Pasco County Schools said they reversed their decision to deny a mother’s request for a Hanukkah presentation in her son’s fifth grade class after reporters asked the county for an explanation.
A district spokesman said the mother had to meet with school staff first to set guidelines, but the presentation had been otherwise approved.
Rachel Lang attended each of her children’s classes each year to study Hanukkah – the Jewish “Festival of Lights‘ This takes place around the same time as Christmas and also includes presents – since her eldest son was in preschool. He is now in 10th grade.
Her brief presentation contains no mention of God or religion, Long said.
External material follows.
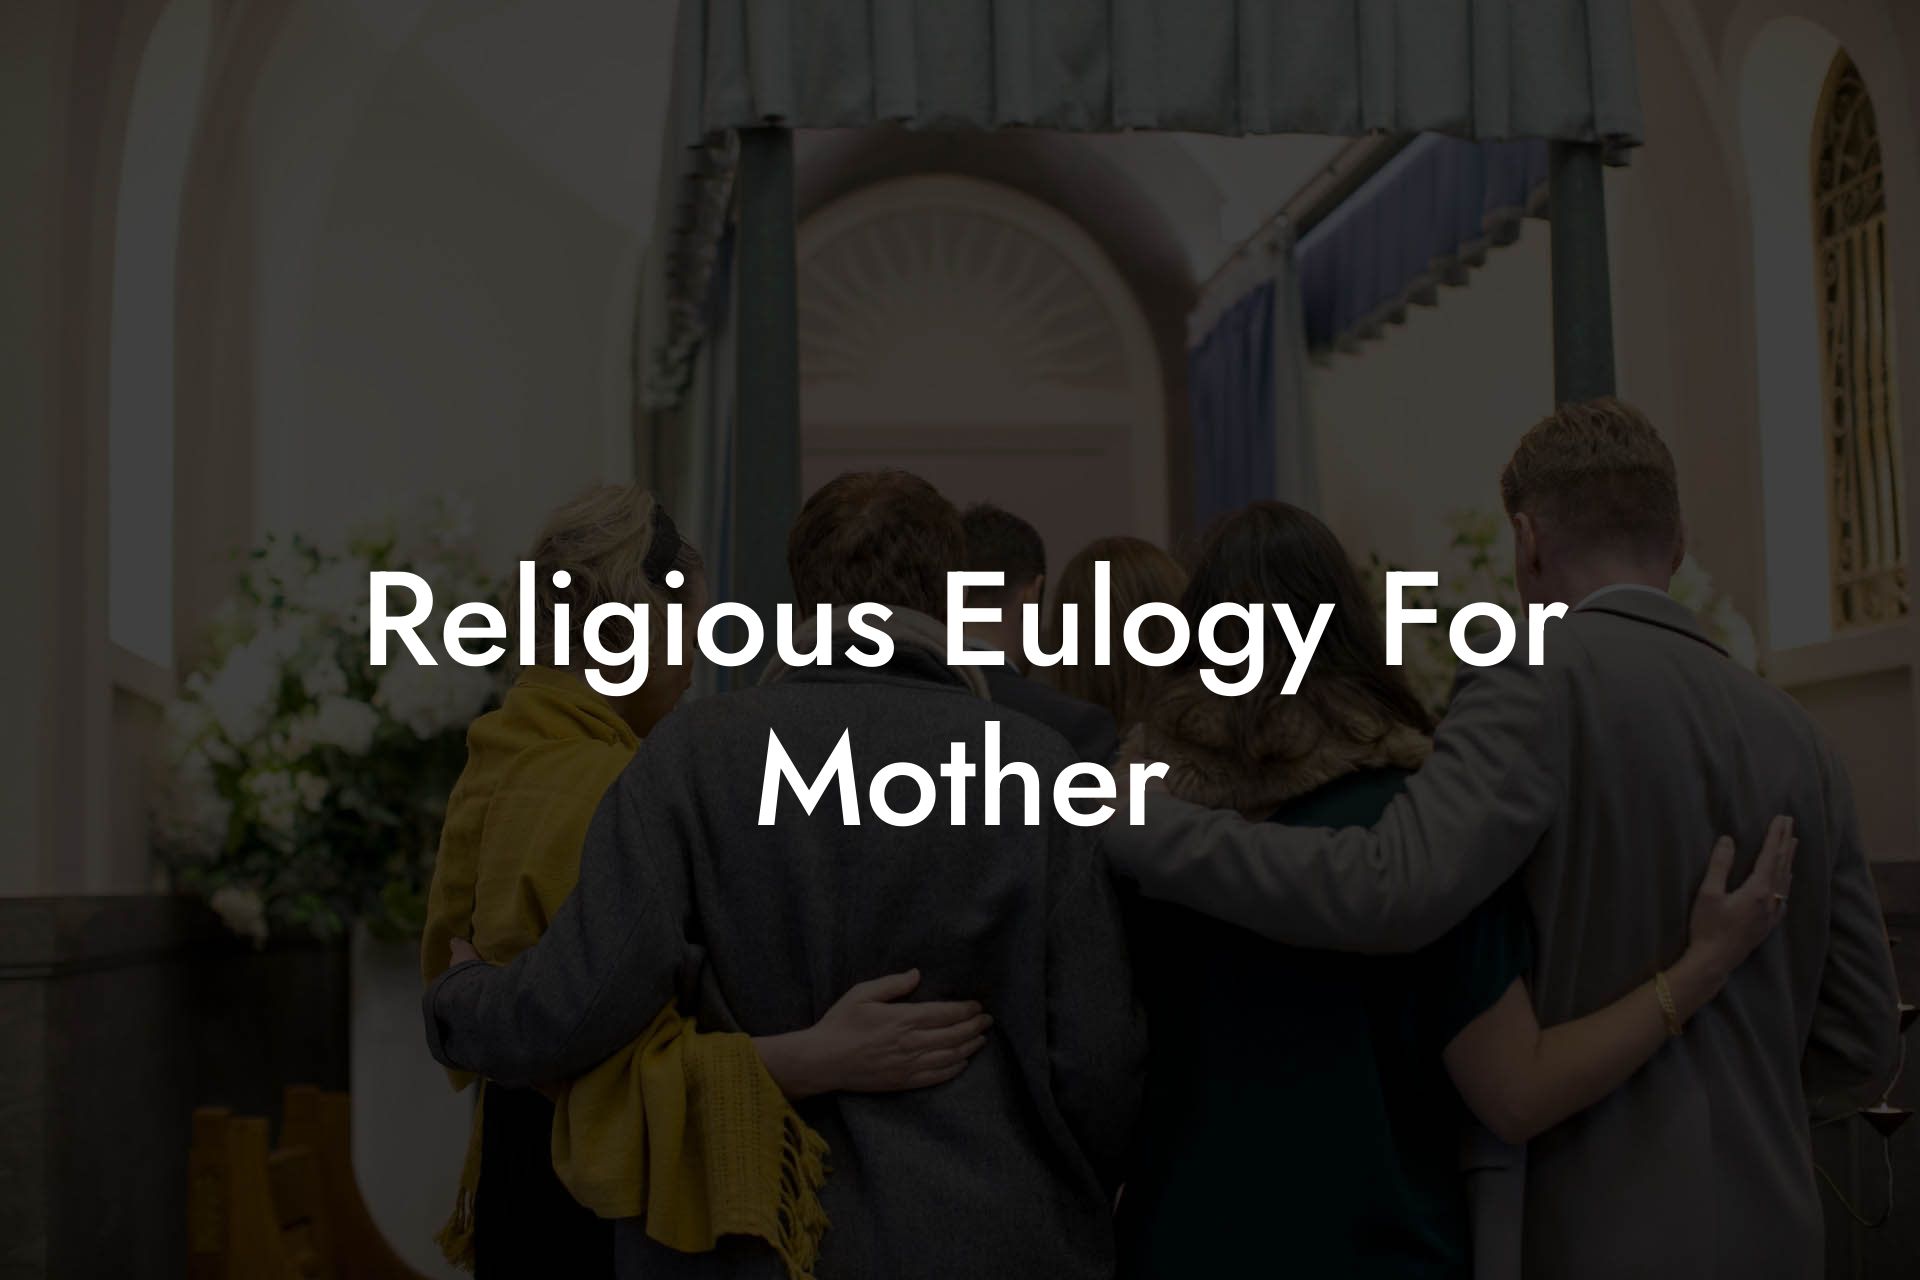 Religious Eulogy For Mother

Instead, it consists of her reading from a book that explains Hanukkah (also spelled “Chanukah”), shares traditional food, and a menorah, and give toy tops (Dreidel) for each child to a game in class.
Barring the pandemic in 2020 and 2021, the schools Long’s children attended welcomed them into the classroom every year with no issues. That was until last week, when she reached out to the teacher of her youngest fifth-grade child at his New Port Richey elementary school to ask when she could come this year.
At first the teacher seemed open to the idea. She told Long she would consult with school leaders “to determine what day and time would be best.”
A few days later, however, the teacher said that after discussions with school staff and district administrators, she recommended that Long’s application be denied, citing Florida’s relatively new land Parents’ Bill.
“Following discussions with the team and administration, the new Parents’ Bill of Rights (sic) requires us to follow the 5th grade standards as written,” the teacher said via text. “Currently, a Hanukkah presentation is not one of our standards.”
Lange asked: “Then there won’t be any Christmas activities?”
The teacher did not answer immediately.
The Bill of Rights for Parents Who Gov. Ron DeSantis has signed on June 30, 2021, provides that parents can object to and withdraw their child from educational materials based on their beliefs about morality, sex, and religion.
The only mention of holidays and cultural traditions in the Pasco school Fifth grade curriculum guide says students will read stories from “different cultures” and encourages parents to discuss the meaning of different holidays with their children.
CPALMSthe Florida Department of Education’s official source for educational standards, includes recognized vacation courses in world language, history, and civics classes, as well as hundreds of grants for multicultural education.
Long contacted the principal and got a similar response. The principal, she said, claimed to have spoken to an assistant superintendent from the district. The deputy principal assigned to the school is Kimberley Poeaccording to Pasco Schools Director of Employee Relations Kathy Scalise.
Long said the principal told her, “Due to the Parent Bill of Rights (sic), the school could not celebrate holidays.”
Apparently that doesn’t apply to Christmas, Long claimed, noting Christmas-themed decorations at a school “Christmas shop” and a variety of related activities.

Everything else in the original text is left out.